Task instructions: The required output is a word-for-word restatement of the material below, from the line with "圍威喂 ukulele: 林俊傑 小酒窩 [ukulele譜]" through its last line, inclusive.

______________________________

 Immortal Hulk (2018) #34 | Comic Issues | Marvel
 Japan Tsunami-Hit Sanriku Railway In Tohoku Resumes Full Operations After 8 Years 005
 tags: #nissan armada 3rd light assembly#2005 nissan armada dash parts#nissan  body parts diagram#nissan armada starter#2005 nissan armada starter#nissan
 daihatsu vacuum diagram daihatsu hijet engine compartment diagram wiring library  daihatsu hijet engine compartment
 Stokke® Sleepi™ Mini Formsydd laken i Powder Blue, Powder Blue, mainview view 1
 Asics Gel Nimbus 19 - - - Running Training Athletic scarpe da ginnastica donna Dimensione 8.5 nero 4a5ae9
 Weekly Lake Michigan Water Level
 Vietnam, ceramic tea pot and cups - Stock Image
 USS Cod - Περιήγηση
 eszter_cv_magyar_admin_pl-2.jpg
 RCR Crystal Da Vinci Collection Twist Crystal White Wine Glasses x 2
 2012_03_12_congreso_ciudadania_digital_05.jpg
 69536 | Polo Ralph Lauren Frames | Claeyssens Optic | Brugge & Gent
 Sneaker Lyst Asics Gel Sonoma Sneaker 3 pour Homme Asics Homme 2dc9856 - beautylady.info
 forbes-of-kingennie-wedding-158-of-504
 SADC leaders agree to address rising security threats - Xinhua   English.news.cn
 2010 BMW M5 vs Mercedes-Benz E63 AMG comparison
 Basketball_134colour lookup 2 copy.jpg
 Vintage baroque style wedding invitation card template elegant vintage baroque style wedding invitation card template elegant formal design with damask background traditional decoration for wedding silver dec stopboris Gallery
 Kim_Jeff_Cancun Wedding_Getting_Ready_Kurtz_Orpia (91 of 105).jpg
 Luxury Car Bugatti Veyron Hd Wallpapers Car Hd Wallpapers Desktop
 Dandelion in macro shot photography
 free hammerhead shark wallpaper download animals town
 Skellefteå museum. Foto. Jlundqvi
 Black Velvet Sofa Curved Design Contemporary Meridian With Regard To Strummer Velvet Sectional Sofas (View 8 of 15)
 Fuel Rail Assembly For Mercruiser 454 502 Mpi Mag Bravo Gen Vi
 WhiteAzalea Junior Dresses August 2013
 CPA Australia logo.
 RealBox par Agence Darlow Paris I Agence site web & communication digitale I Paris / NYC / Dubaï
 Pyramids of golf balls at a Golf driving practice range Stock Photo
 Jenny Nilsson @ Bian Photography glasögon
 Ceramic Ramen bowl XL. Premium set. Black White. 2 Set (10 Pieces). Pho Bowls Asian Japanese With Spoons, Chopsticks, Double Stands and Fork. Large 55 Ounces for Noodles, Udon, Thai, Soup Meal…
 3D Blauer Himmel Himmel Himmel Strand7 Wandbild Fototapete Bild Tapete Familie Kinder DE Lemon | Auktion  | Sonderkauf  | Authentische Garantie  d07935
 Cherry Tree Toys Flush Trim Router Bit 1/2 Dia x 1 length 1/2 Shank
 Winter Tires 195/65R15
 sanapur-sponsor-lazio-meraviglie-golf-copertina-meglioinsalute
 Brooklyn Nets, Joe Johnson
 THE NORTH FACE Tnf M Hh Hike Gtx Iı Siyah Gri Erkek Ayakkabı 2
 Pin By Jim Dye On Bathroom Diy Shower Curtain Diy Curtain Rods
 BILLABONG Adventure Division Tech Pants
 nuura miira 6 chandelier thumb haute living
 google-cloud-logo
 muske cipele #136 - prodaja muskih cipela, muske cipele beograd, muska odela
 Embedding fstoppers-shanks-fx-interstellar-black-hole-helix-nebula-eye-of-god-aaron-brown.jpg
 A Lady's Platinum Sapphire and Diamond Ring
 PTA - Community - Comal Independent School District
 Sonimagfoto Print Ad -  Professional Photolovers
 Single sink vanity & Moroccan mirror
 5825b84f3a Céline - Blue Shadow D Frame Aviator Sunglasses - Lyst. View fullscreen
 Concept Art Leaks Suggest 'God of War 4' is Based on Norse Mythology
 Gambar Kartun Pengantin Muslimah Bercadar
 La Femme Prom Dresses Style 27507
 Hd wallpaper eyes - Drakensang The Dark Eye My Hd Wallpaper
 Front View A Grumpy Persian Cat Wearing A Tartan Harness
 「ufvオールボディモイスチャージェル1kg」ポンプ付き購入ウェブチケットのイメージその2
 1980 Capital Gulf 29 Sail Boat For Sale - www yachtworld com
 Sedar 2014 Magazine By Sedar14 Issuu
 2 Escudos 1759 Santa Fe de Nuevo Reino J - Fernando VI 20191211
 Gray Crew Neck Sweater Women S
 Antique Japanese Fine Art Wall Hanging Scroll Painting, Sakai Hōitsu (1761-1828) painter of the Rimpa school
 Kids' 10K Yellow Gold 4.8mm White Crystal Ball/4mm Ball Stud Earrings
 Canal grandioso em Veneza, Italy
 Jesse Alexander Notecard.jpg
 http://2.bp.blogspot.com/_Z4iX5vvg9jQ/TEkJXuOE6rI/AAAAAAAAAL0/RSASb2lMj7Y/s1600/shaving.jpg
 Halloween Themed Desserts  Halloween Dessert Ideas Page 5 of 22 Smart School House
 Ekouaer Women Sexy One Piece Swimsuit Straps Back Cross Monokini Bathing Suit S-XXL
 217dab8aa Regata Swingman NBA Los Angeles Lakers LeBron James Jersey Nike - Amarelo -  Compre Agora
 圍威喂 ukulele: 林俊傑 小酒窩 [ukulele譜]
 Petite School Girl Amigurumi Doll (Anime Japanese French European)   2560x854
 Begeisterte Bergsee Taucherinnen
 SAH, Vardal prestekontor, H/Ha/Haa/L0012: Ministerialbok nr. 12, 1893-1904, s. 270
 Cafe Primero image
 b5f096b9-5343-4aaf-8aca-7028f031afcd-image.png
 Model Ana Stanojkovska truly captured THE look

______________________________

Written response:
 圍威喂 ukulele: 林俊傑 小酒窩 [ukulele譜]
 Petite School Girl Amigurumi Doll (Anime Japanese French European)   2560x854
 Begeisterte Bergsee Taucherinnen
 SAH, Vardal prestekontor, H/Ha/Haa/L0012: Ministerialbok nr. 12, 1893-1904, s. 270
 Cafe Primero image
 b5f096b9-5343-4aaf-8aca-7028f031afcd-image.png
 Model Ana Stanojkovska truly captured THE look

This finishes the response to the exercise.